The Cape high court has established new law for the circumstances in which members and officers of a close corporation can be held personally liable for the corporation's debts.
Adam Harris, an insolvency law specialist attorney with law firm Bowman Gilfillan, said that generally, close corporations could be set up to ensure that members were not liable for its debts. "But this judgment is significant in that the court has confirmed that the corporate veil may be pierced where there are special circumstances, such as fraud. Members of a close corporation should not think of themselves as invulnerable to attack from creditors."
Brian Aronoff, a senior associate in litigation at law firm Mallinicks, who was the instructing attorney, said in Dialogue, the firm's quarterly publication, that his client, Airport Cold Storage, had sold and delivered imported meat products and frozen vegetables to Global Foods on credit.
The close corporation failed to pay for the goods and Airport Cold Storage successfully applied for its winding up for failing to pay a debt of R278 377. But it received no dividends because Global Foods had no assets.

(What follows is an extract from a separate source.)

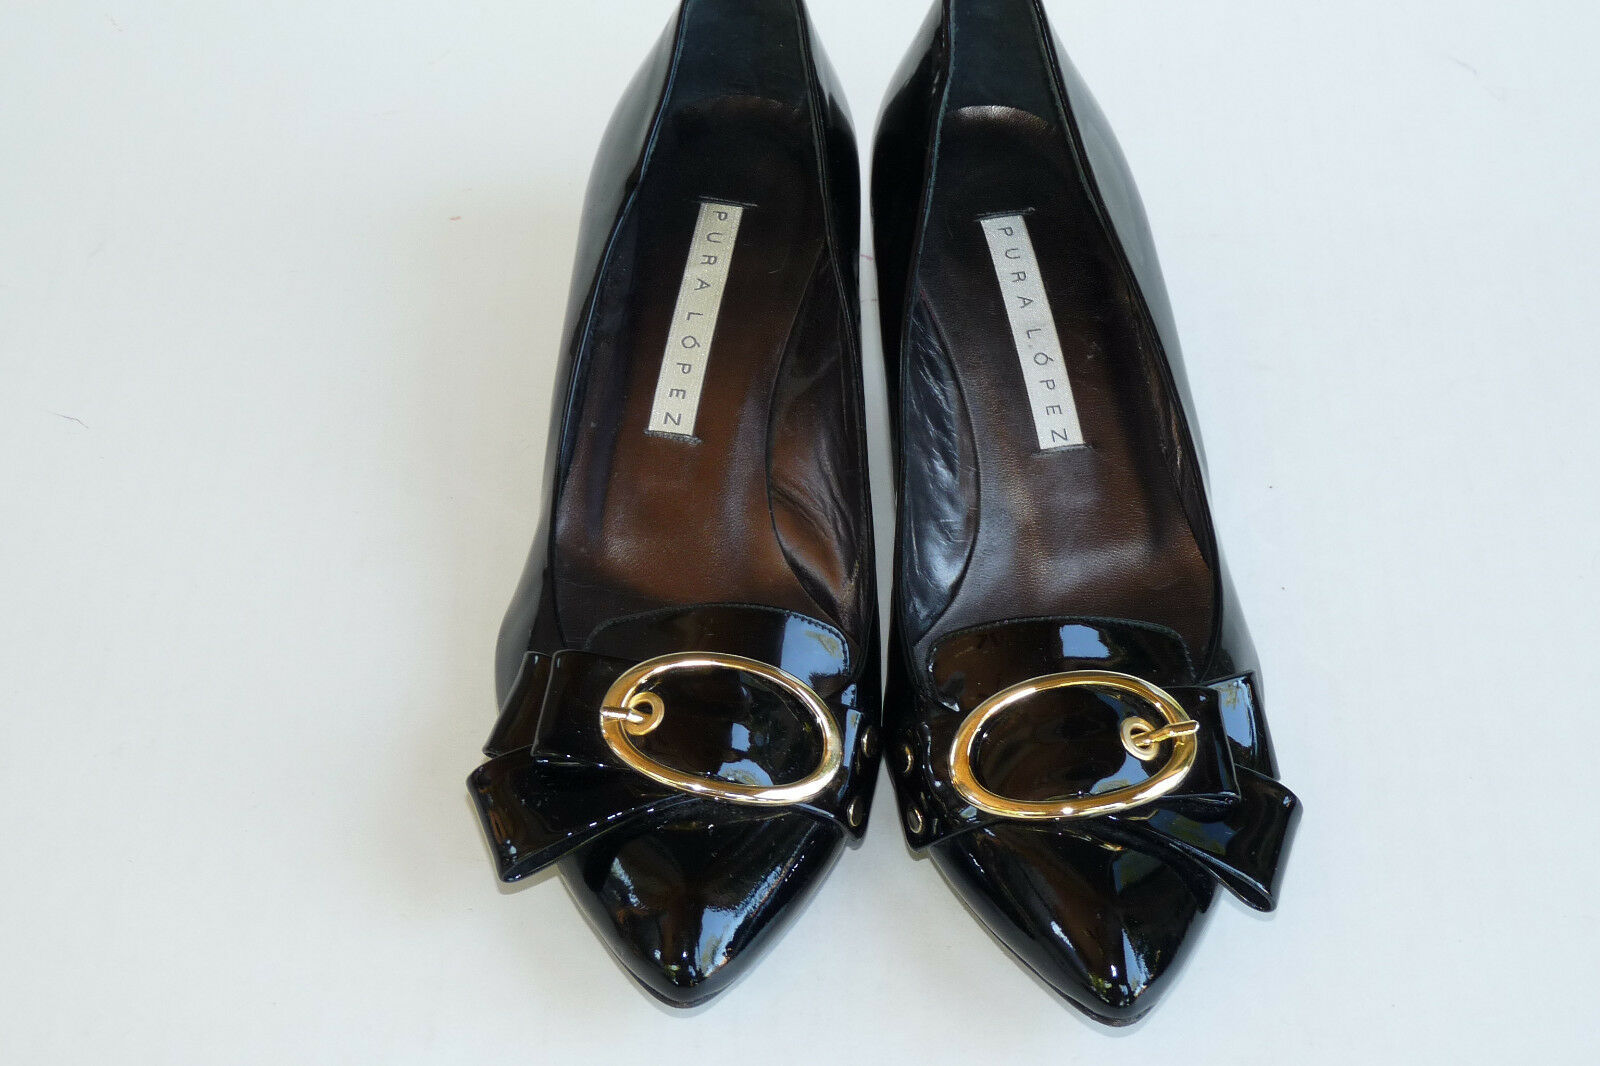 Pura Lopez Slip on Pumps Black Size 39 8 Patent Leather Low Heel Bow

Aronoff said that in the light of evidence obtained at an insolvency inquiry, Airport Cold Storage had instituted high court action to hold the close corporation member, Nizaar Ebrahim, and his father, manager Abbas Ebrahim, personally liable for the debt.
The company claimed that father and son had contravened the Close Corporation Act because they had carried on the business for reckless and fraudulent purposes or with the intention to defraud creditors.